As we started from the same amount of material for all the neonatal stool samples and used the exact same extraction protocol to isolate all LPS fractions for all samples, we assumed that if we treated MoDCs from the same donor with the exact same volume of yielded LPS (independent of the concentration of LPS present), we would realistically emulate the microbial LPS load which immune cells would be exposed to in vivo and thus be representative of the immunostimulatory potential of a given sample at 3 days postpartum.
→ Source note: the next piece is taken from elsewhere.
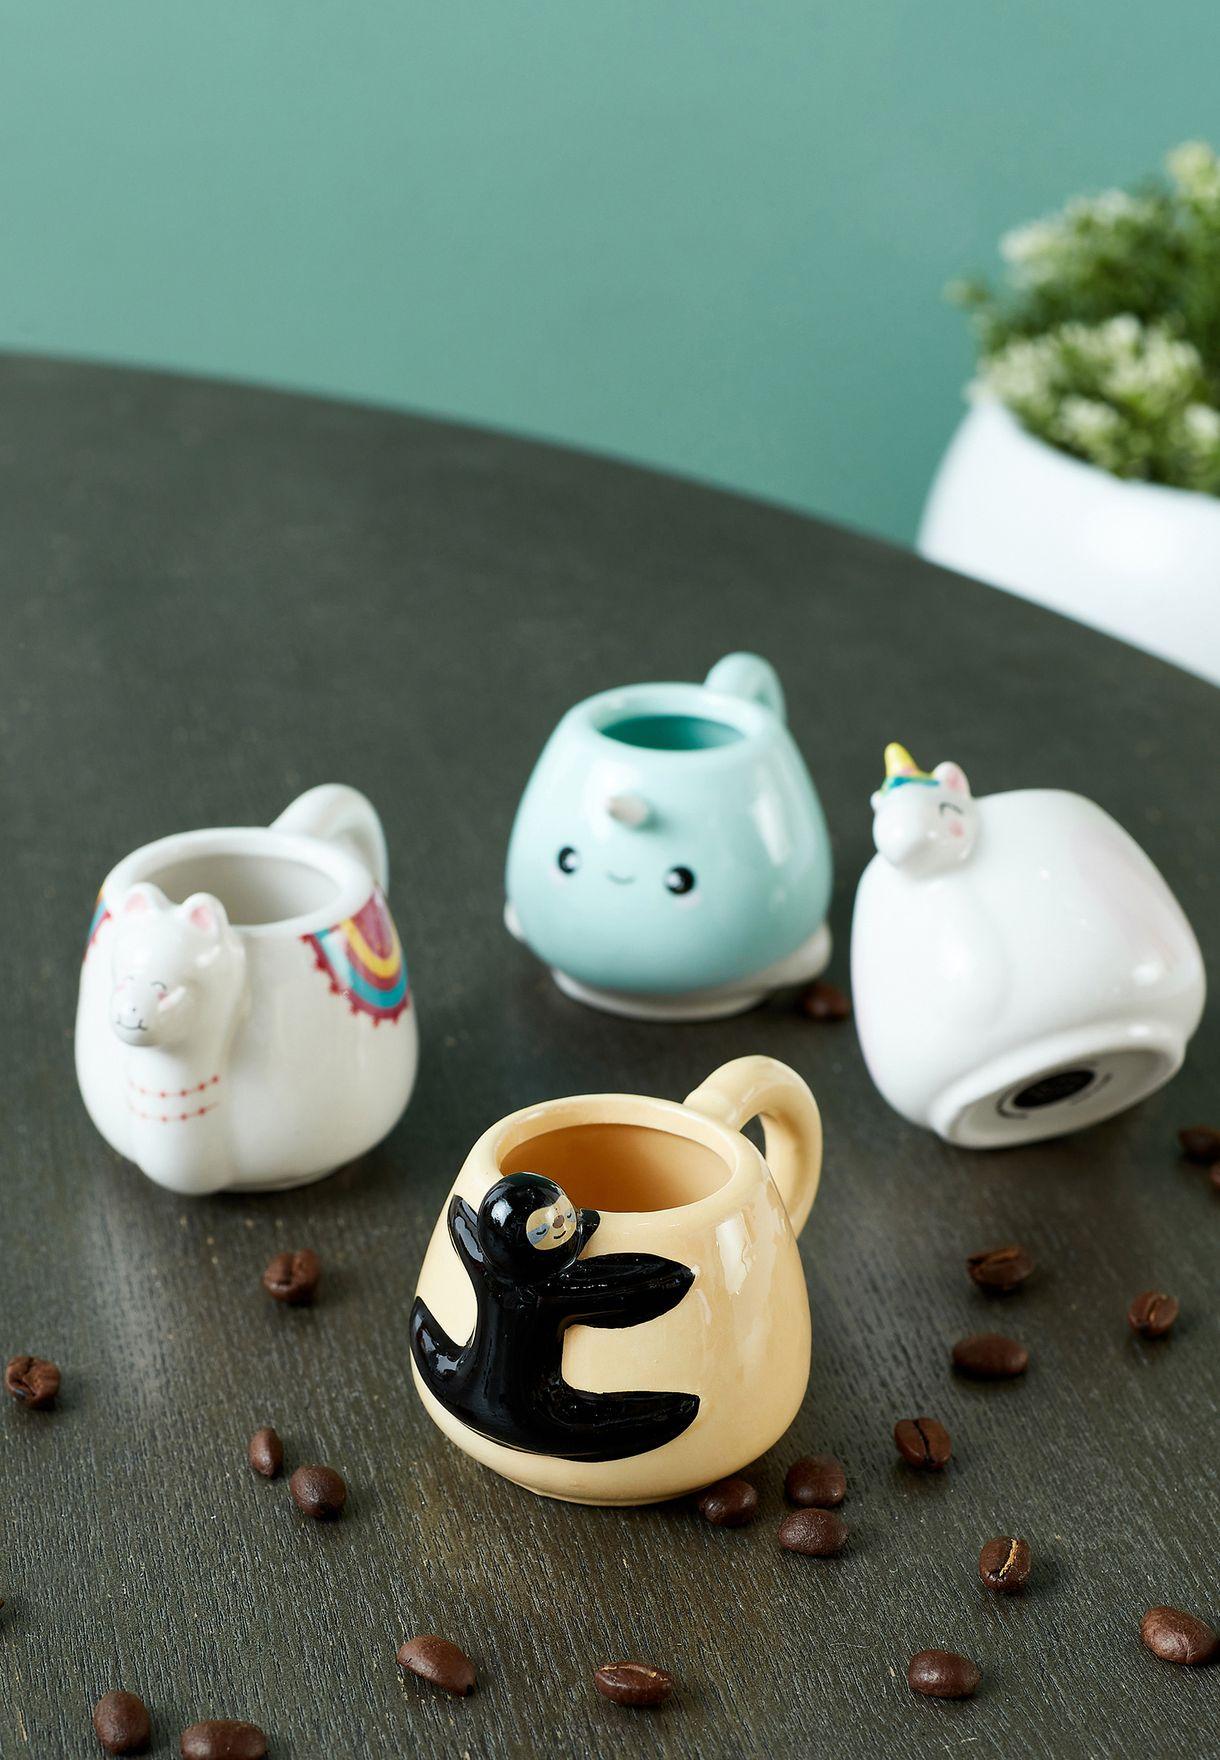 Set of 4 Shaped Espresso Mugs

To stimulate MoDCs, 7.5 µl of LPS extract per 105 MoDCs was added per well. For the negative control, MoDCs were incubated with 7.5 µl of LPS extraction blank, and for the positive control, MoDCs were treated with 15 endotoxin units (EU) LPS isolated from E. coli cultures. MoDCs were treated for 24 h to assess the immunostimulatory potential of the isolated LPS. Treatments were performed in duplicates and tested on at least three different donors. Culture supernatants from stimulated MoDCs were diluted 1/10 (or 1/50, if above standard curve range) and analysed for the presence of TNF-α using a commercial ELISA reagent set (Human TNF alpha uncoated ELISA, Life Technologies, Belgium) and a microplate reader (Biotek instruments, Germany).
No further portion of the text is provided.